The capitalist solution to the crisis involves a wholesale destruction of conventional living standards, and more besides. There are no solutions that any political party in crisis-stricken countries can propose that will get widespread support, but the destruction will get under way in any case. More Italians may hate Berlusconi now, but his exit will do nothing to resolve Italy’s problems. The resolution implies austerity, and no reduction in Italian bond yields based on his demise will prevent that. The same thing applies to Greece, which seems to have stepped back from the brink of what may have been an even bigger shock to its living standards – leaving the euro – than is now going to happen, minus Papandreou.[3]
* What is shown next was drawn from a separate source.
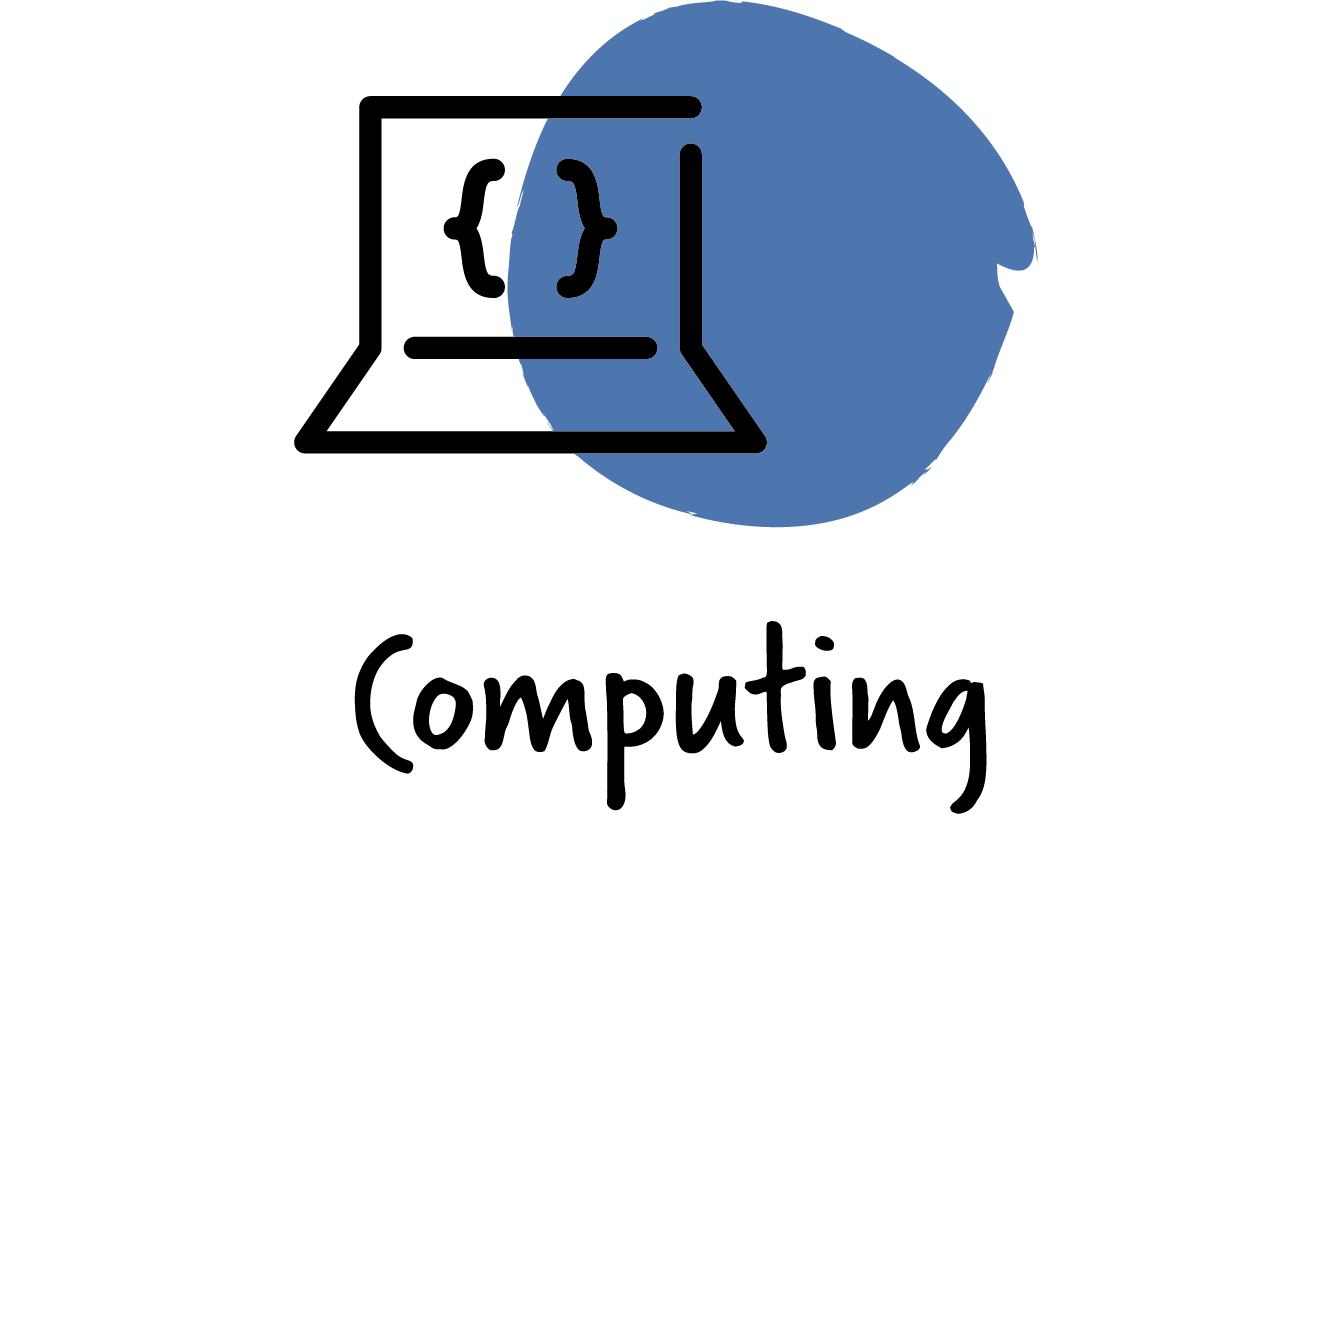 Computing_large_Top_Edge.png

The main European imperial powers, Germany and France, have their own reckoning to ponder. Busy trying to maintain the system they built, they have found their own finances under threat, as reflected in the weakened position of the EFSF, Sarkozy’s worries about French banks and Merkel’s troubles in the Bundestag. ‘Merkozy’ can deliberate, but the capitalist market decides. That is what the Law of Value is all about.
Tony Norfield, 8 November 2011
[1] See ‘It Can Always Get Worse’, 22 September 2011.
[2] See Lex Column, Financial Times, 3 November 2011.
[3] In my view, the costs for Greece of leaving the euro are huge. There are no historical examples of leaving a currency system after having given up the domestic currency and having spent a decade writing commercial contracts in a joint currency. The banking system may collapse within the euro system; it would definitely collapse outside of it.